Prompt:
Starting at the line below that contains "Valve declares The" and ending at the line that contains "In this Nov.", retype each line exactly as it stands, but omit the pictures.

Data for review:
————
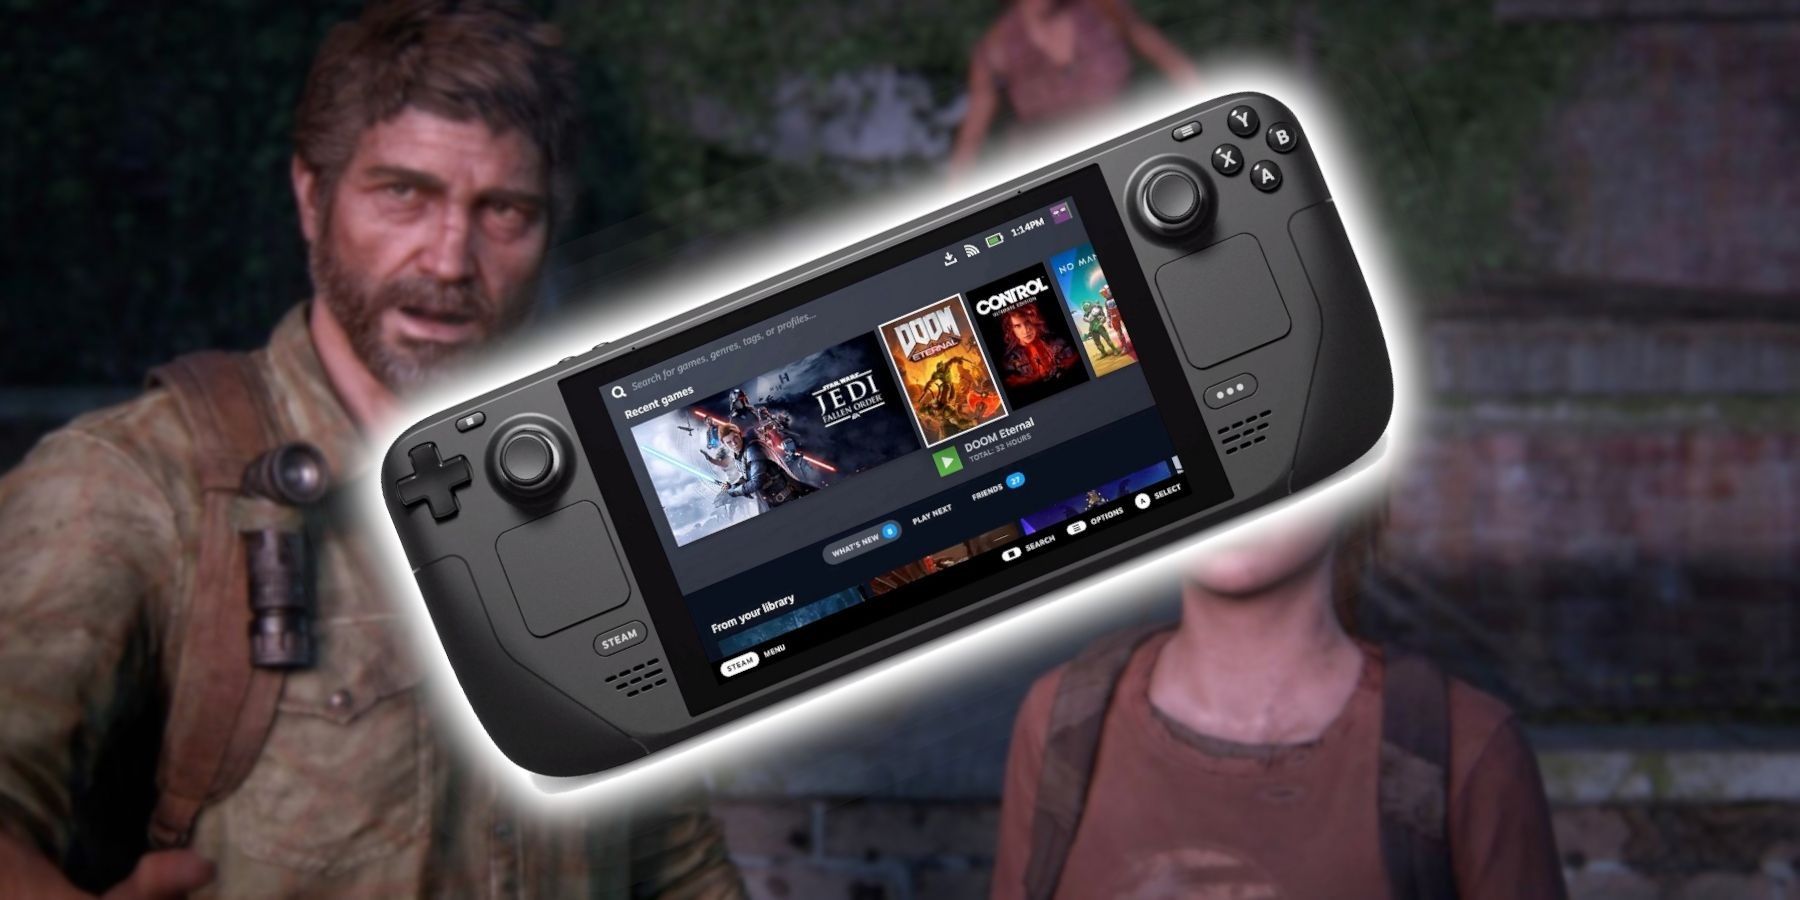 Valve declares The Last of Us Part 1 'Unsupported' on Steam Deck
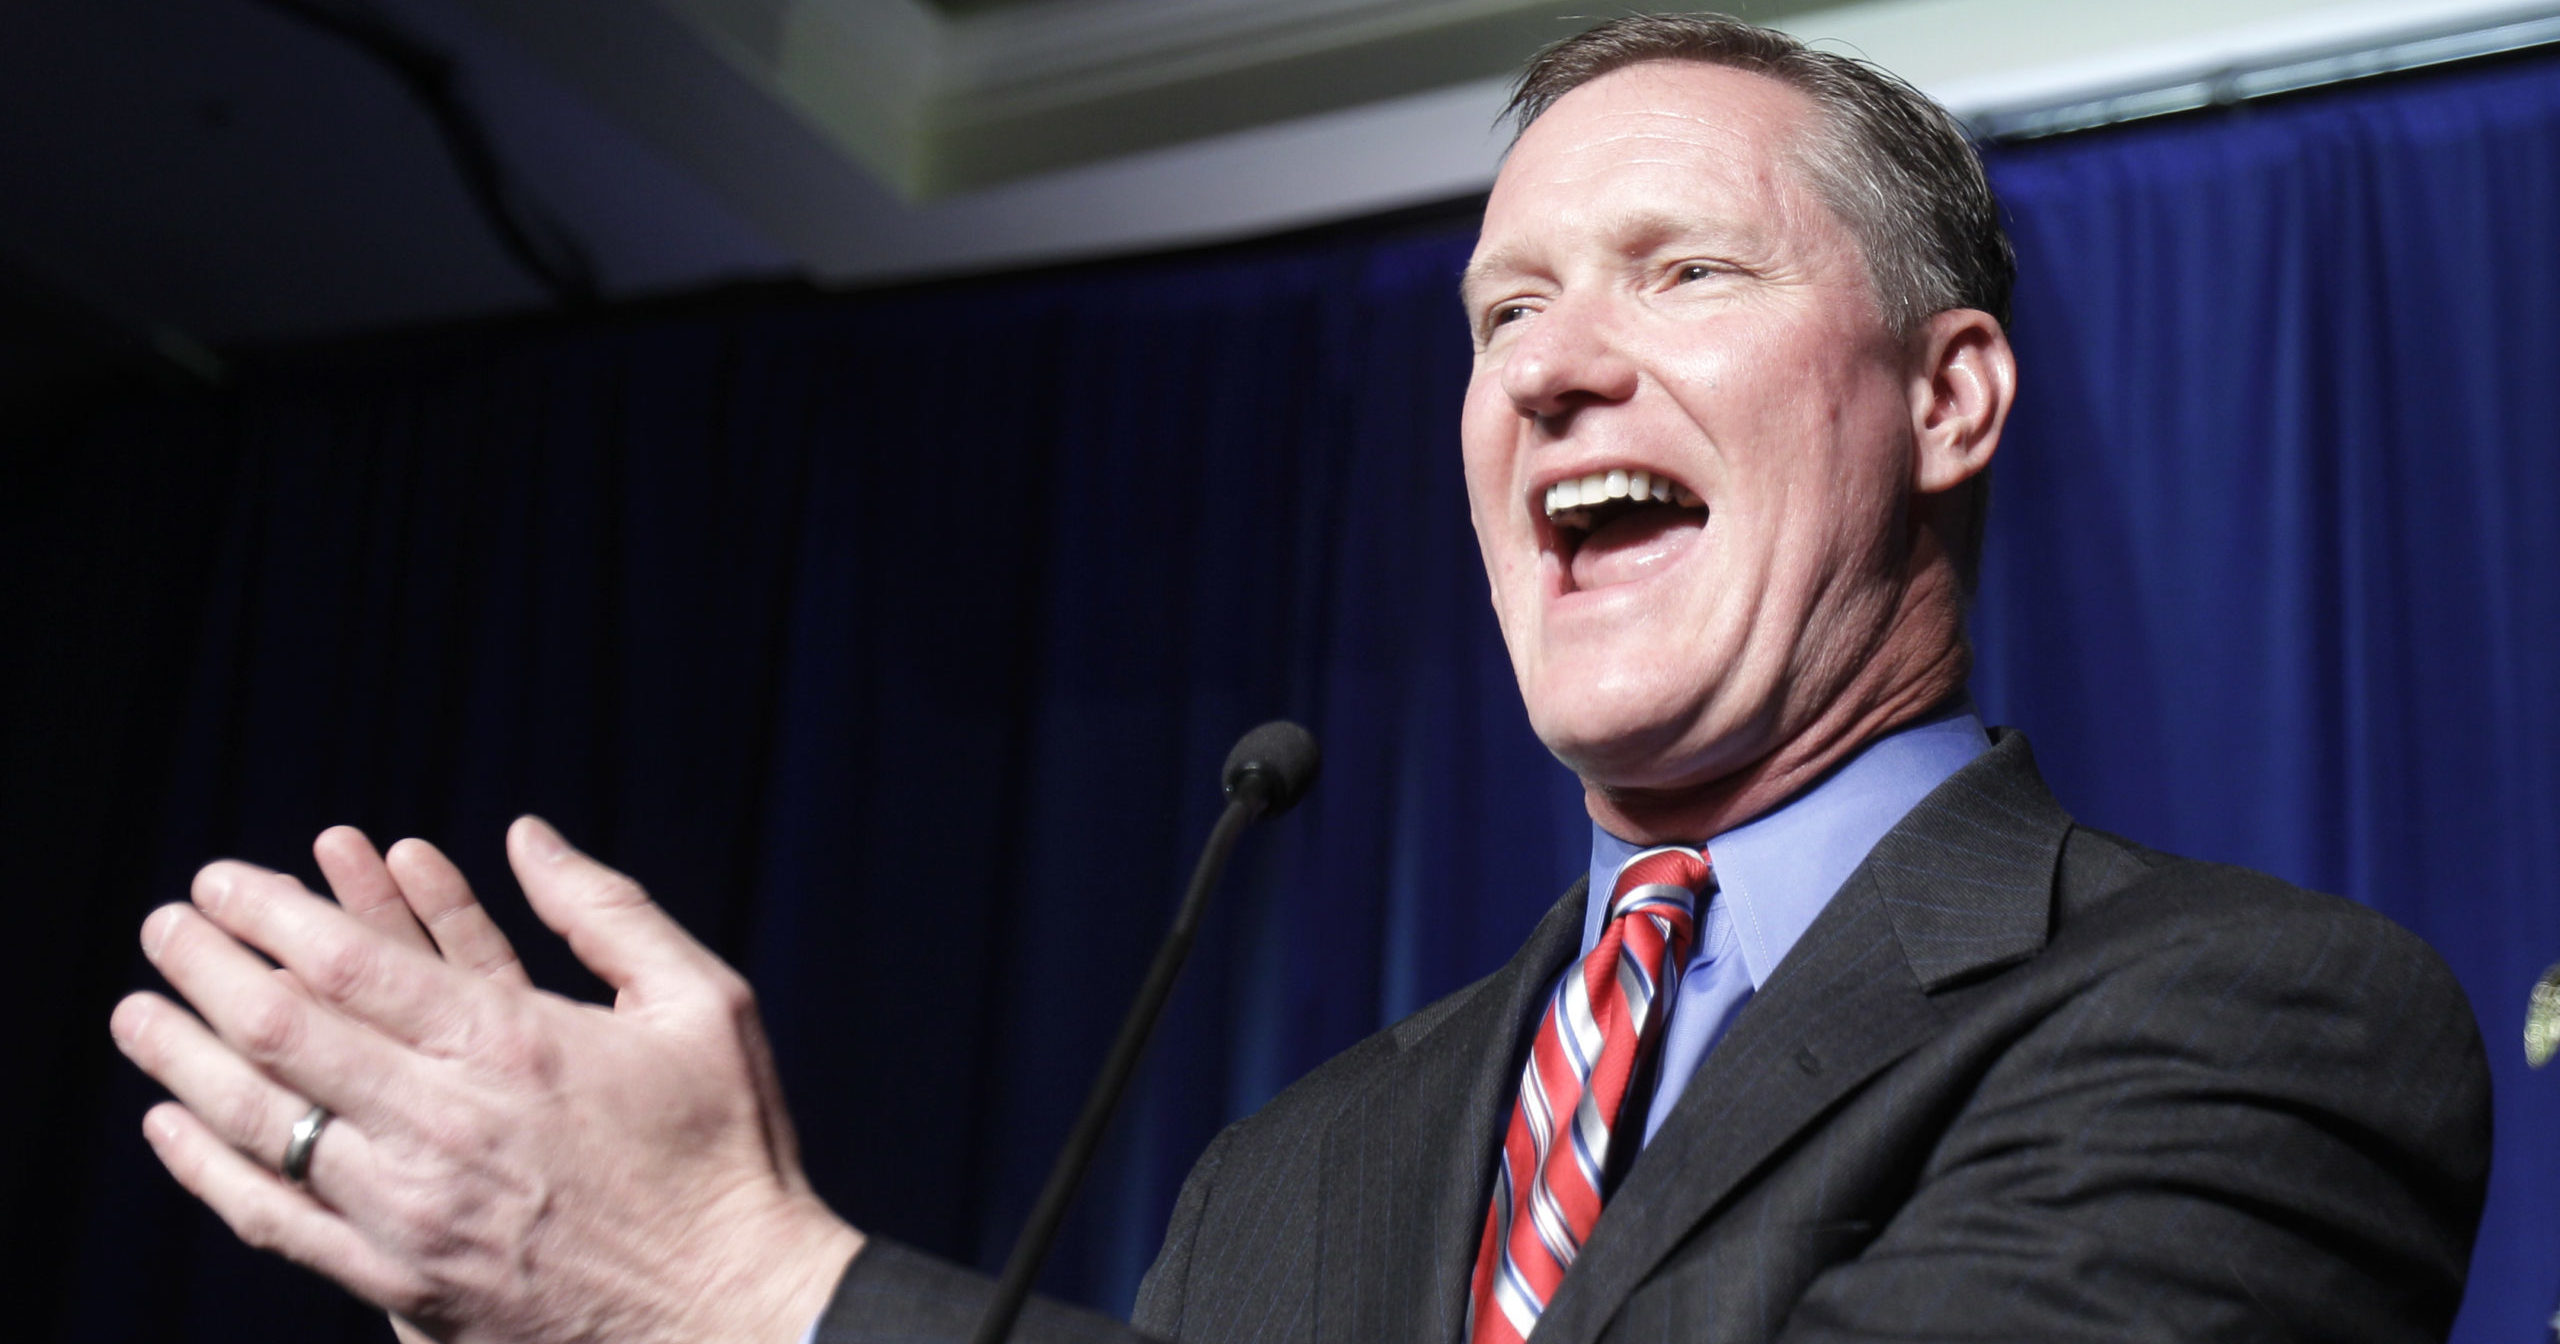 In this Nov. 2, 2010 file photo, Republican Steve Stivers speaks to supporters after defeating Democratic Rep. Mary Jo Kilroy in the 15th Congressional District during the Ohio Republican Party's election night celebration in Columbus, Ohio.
————
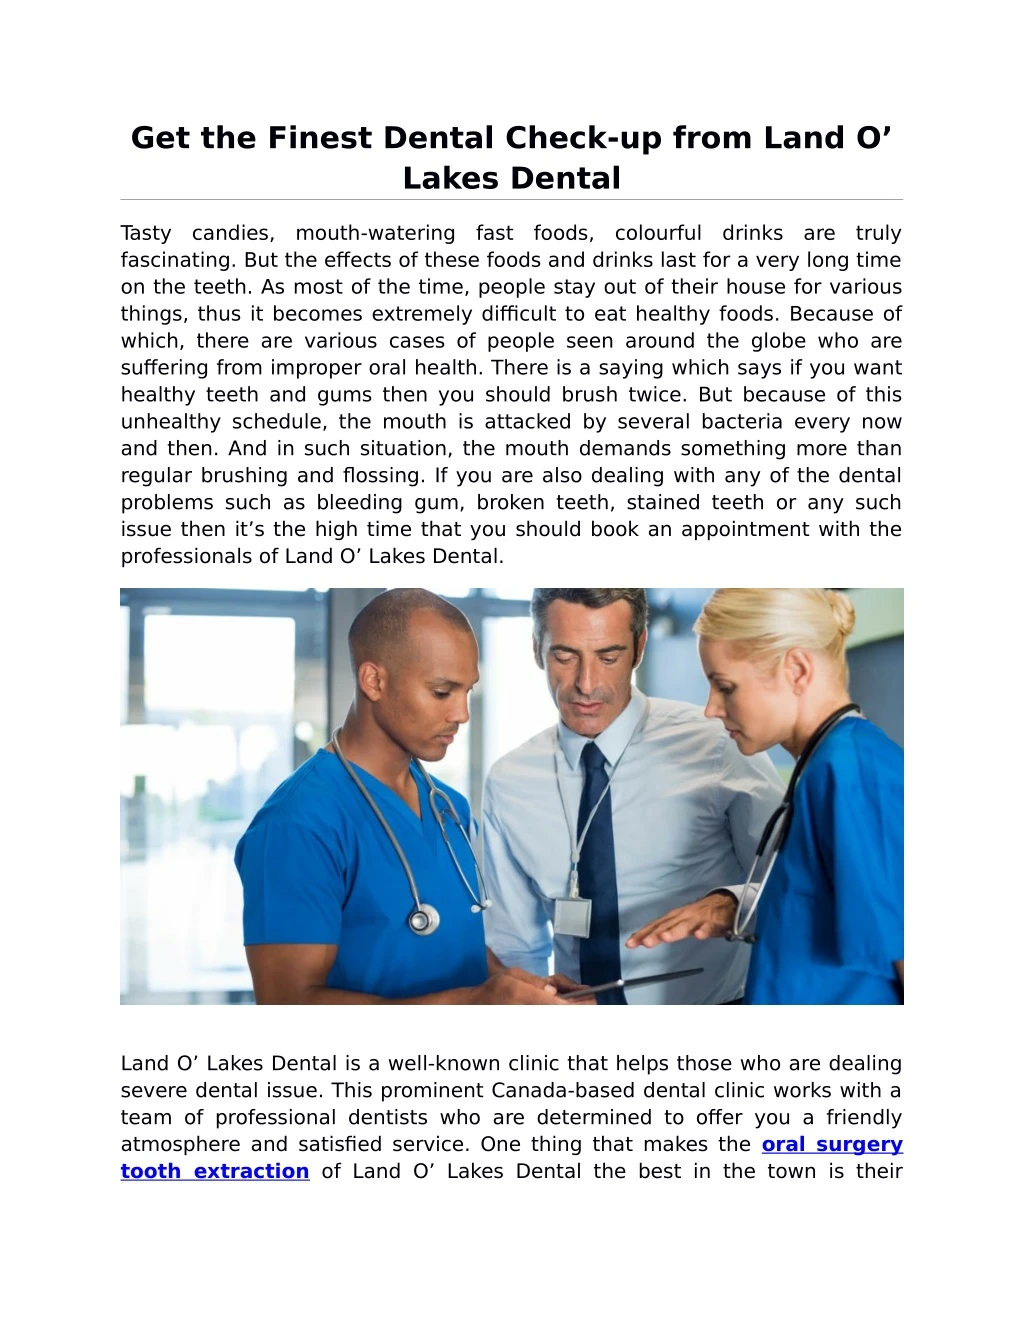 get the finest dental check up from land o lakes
————
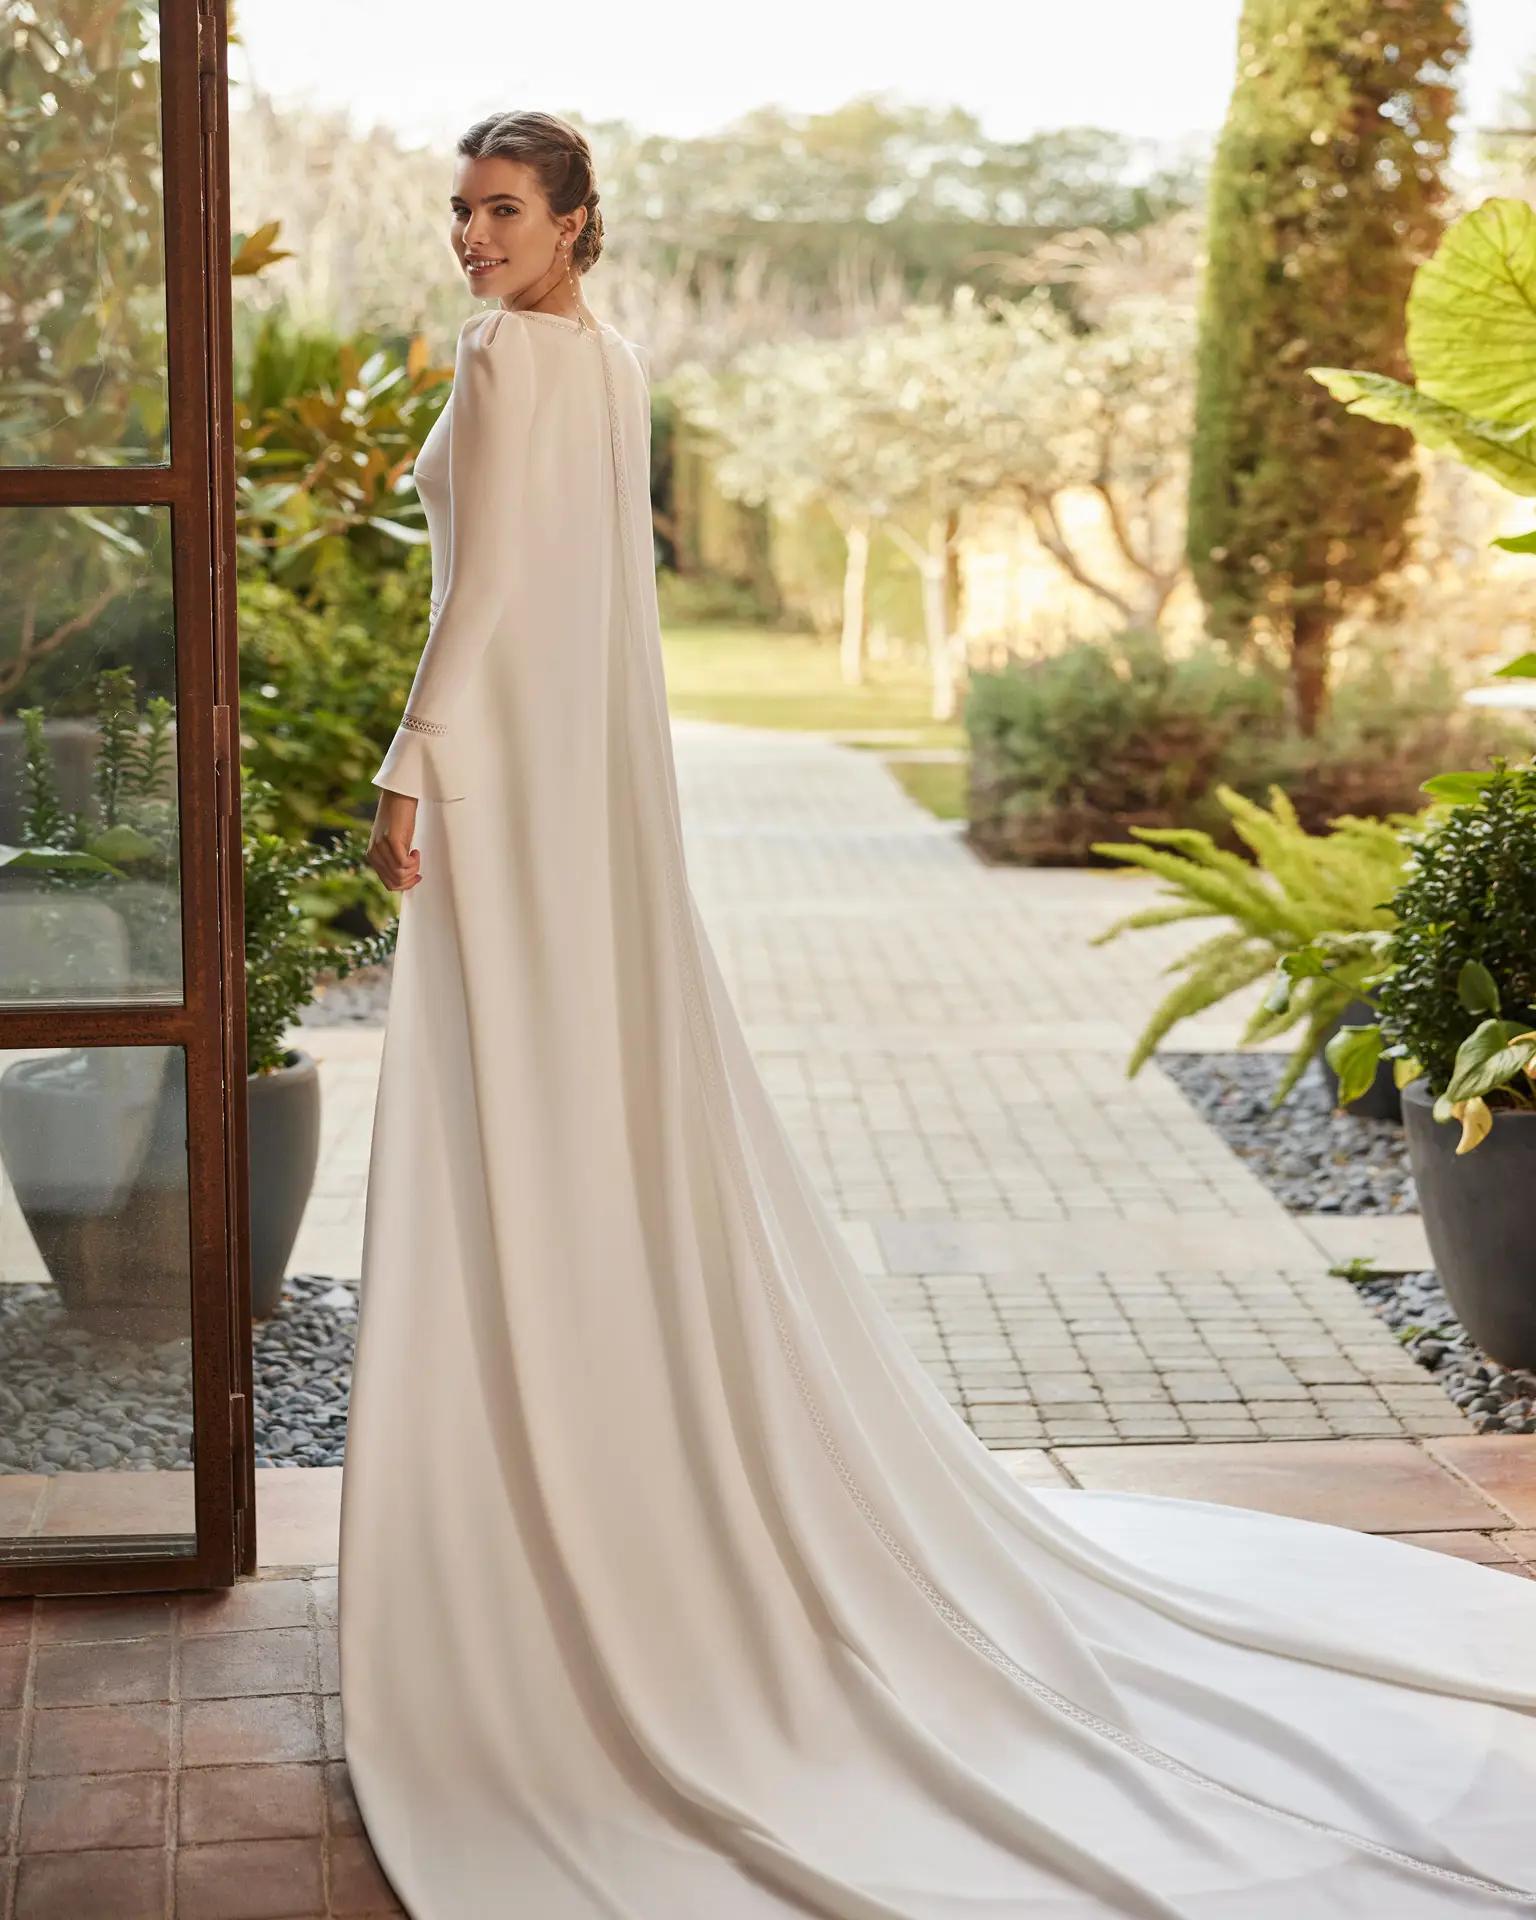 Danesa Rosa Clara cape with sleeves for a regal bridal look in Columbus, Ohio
————
Worked solution:
 Valve declares The Last of Us Part 1 'Unsupported' on Steam Deck
 In this Nov. 2, 2010 file photo, Republican Steve Stivers speaks to supporters after defeating Democratic Rep. Mary Jo Kilroy in the 15th Congressional District during the Ohio Republican Party's election night celebration in Columbus, Ohio.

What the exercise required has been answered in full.